Really wanting that derby pie, sounds good.


----------



## LadyOfOuran (Aug 8, 2014)

Rochester, NY has garbage plates, which is baked beans, macaroni salad, and/or fries with hamburgers, cheeseburgers, and/or hot dogs on top. Basically whatever you want. Best eaten at 3am in a semi-shady diner with a lot of friends. 



Spoiler


----------



## thatawkwardkid (Aug 8, 2014)

I live in Hawaii.  I haven't eaten a lot of Hawaiian foods, but I know that food made in Hawaii is nasty. For example, kimchi made in Hawaii tastes really salty imo. I actually don't eat a lot of local food now that I think about it....


----------



## dmytro (Aug 8, 2014)

i'm originally from new york but i've been living in georgia for like 11 years and i've really developed a taste for sweet tea<3



also, country fried steak:


----------



## in-a-pickle (Aug 8, 2014)

dmytro said:


> i'm originally from new york but i've been living in georgia for like 11 years and i've really developed a taste for sweet tea<3
> 
> View attachment 60910
> 
> ...



ooooh, I just tried chicken fried steak for the first time and it was amazing   

We don't have much local food in Seattle, except for seafood, which is pretty good :/


----------



## Mega_Cabbage (Aug 8, 2014)

I live around the Chesapeake Bay area off the coast of Virginia, so we like to eat a lot of blue crabs and oysters.


----------



## Saylor (Aug 8, 2014)

I live in Colorado but my whole family's from New York so I love things like pizza and bagels, they aren't good here though. I'm not sure what kinds of things are local to my area honestly, it's mostly chains around here.


----------



## Freckles (Aug 8, 2014)

exoticwhitebread said:


> Blue Moon ice cream (the blue part of Superman):
> 
> 
> 
> Spoiler



Oh my gosh! I don't know where you're from but I grew up in Ohio and "blue" was my favorite ice cream flavor! The grocery stores back home sell it as blue moon but it's a lighter color than what's usually in the super man ice cream. Anyhow, now I live in southern indiana and *no one* sells it! I'm going to Chicago next month and have already found a couple places that carry it so I'm pretty much just gonna eat ice cream the whole trip. Thanks for the throwback!


----------



## Aryxia (Aug 8, 2014)

xiaonu said:


> Well, I'm from America so I can't say anything here is different, but living in California is home of the "foodies". There's alot of authentic cuisine from around the world here. Vietnamese and Chinese (not americanized or a mix of the two) are popular where I live. I grew up on the east coast though, and we had an italian festival in the summer for the town I lived in mostly had italian residents.^^;



Oh God, I hate Americanized Asian food. I went down to Oregon earlier this summer, and everything tasted like crap >.<;; I'm glad that I live in Vancouver. It seems like it's pretty similar to California in terms of food diversity & authenticity :3


----------



## Swiftstream (Aug 8, 2014)




----------



## MozzarellaSticks (Aug 8, 2014)

Freckles said:


> Oh my gosh! I don't know where you're from but I grew up in Ohio and "blue" was my favorite ice cream flavor! The grocery stores back home sell it as blue moon but it's a lighter color than what's usually in the super man ice cream. Anyhow, now I live in southern indiana and *no one* sells it! I'm going to Chicago next month and have already found a couple places that carry it so I'm pretty much just gonna eat ice cream the whole trip. Thanks for the throwback!

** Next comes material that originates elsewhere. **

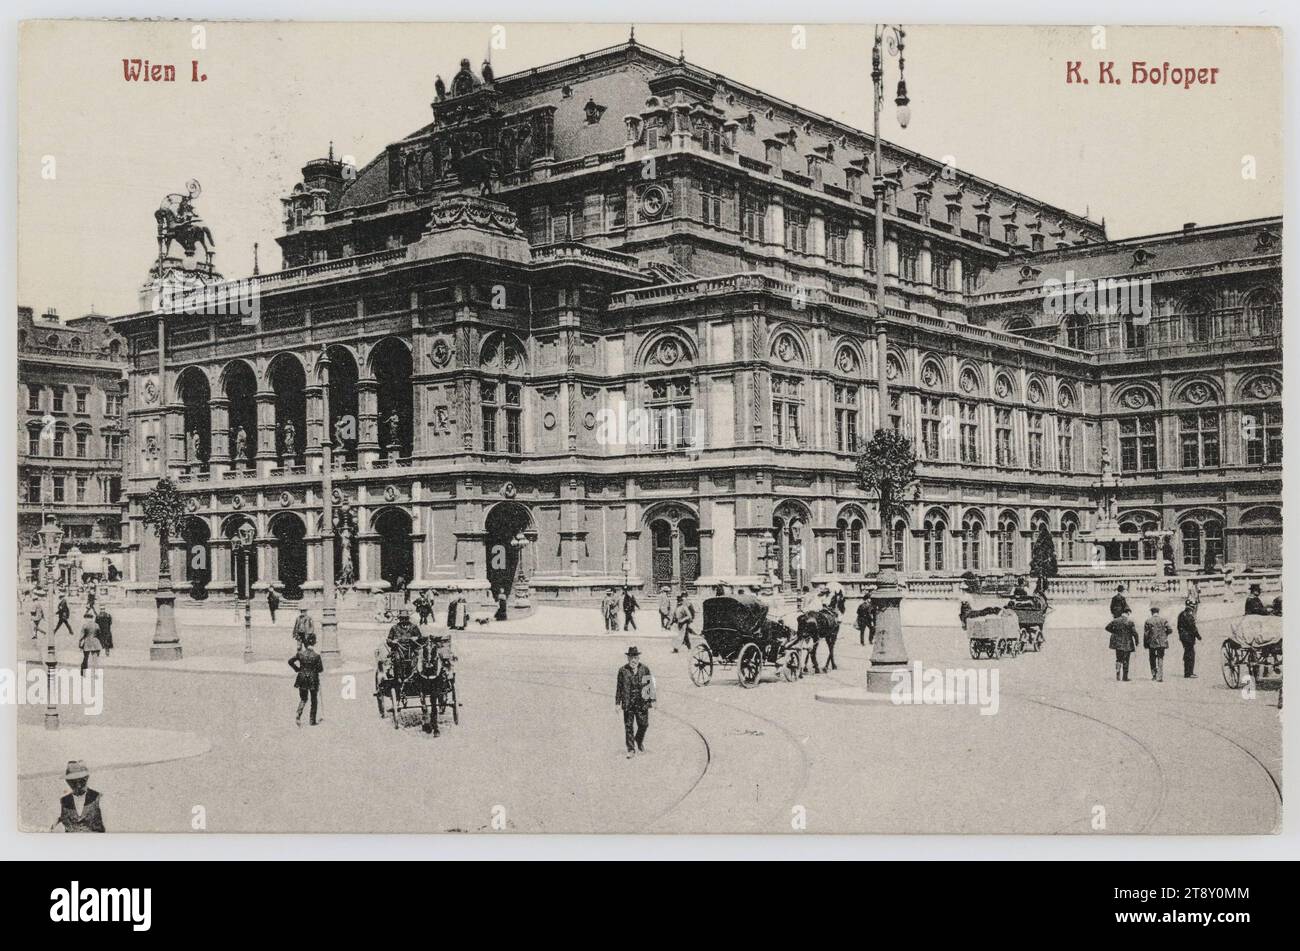 Vienna I. K.K. Hofoper, Khegam Amatouny (A. W.?) (1877-1948), Producer, 1910, paperboard, Collotype, Inscription, FROM, wien, TO, Wien, ADDRESS, Hochwohlgeboren, Marokkanergasse. 19th, Vienna. III, 3rd, MESSAGE, 20.II.10., Madam, It will be a great pleasure for me to avail myself of your kind invitation for next Wednesday, With the greatest respect, [signature], Music, Theatre, Attractions, Ringstrasse, Media and Communication, Postcards with transliteration, 1st District: Innere Stadt, opera house, street lighting, with people, four-wheeled, animal-drawn vehicle, e.g.: cab, carriage, coach Stock Photo

Well there's no one standard recipe for blue moon or for Superman, so the color tends to vary a lot. But I remember getting both a lot as a kid. They're the ultimate childhood flavors. I was so shocked to learn it's not really found everywhere.


----------



## ManicMoose (Aug 8, 2014)

Swiftstream said:


>


It was weird to find out that ketchup chips weren't in the states. In my childhood I thought they were omnipresent in stores.


----------



## Waluigi (Aug 8, 2014)

I eat whatever i buy. No fancy meals too often, its mostly a diet of chicken. 

Local food wise, scotland has lots to offer. Most of it gross to lots of people. We have haggis, but i actually dont like haggis. Its ok, but most people dont want to eat sheep lungs and heart. Black pudding is another thing thats common here. Again, pigs blood doesnt sound appetising, but its actuslly quite delicous.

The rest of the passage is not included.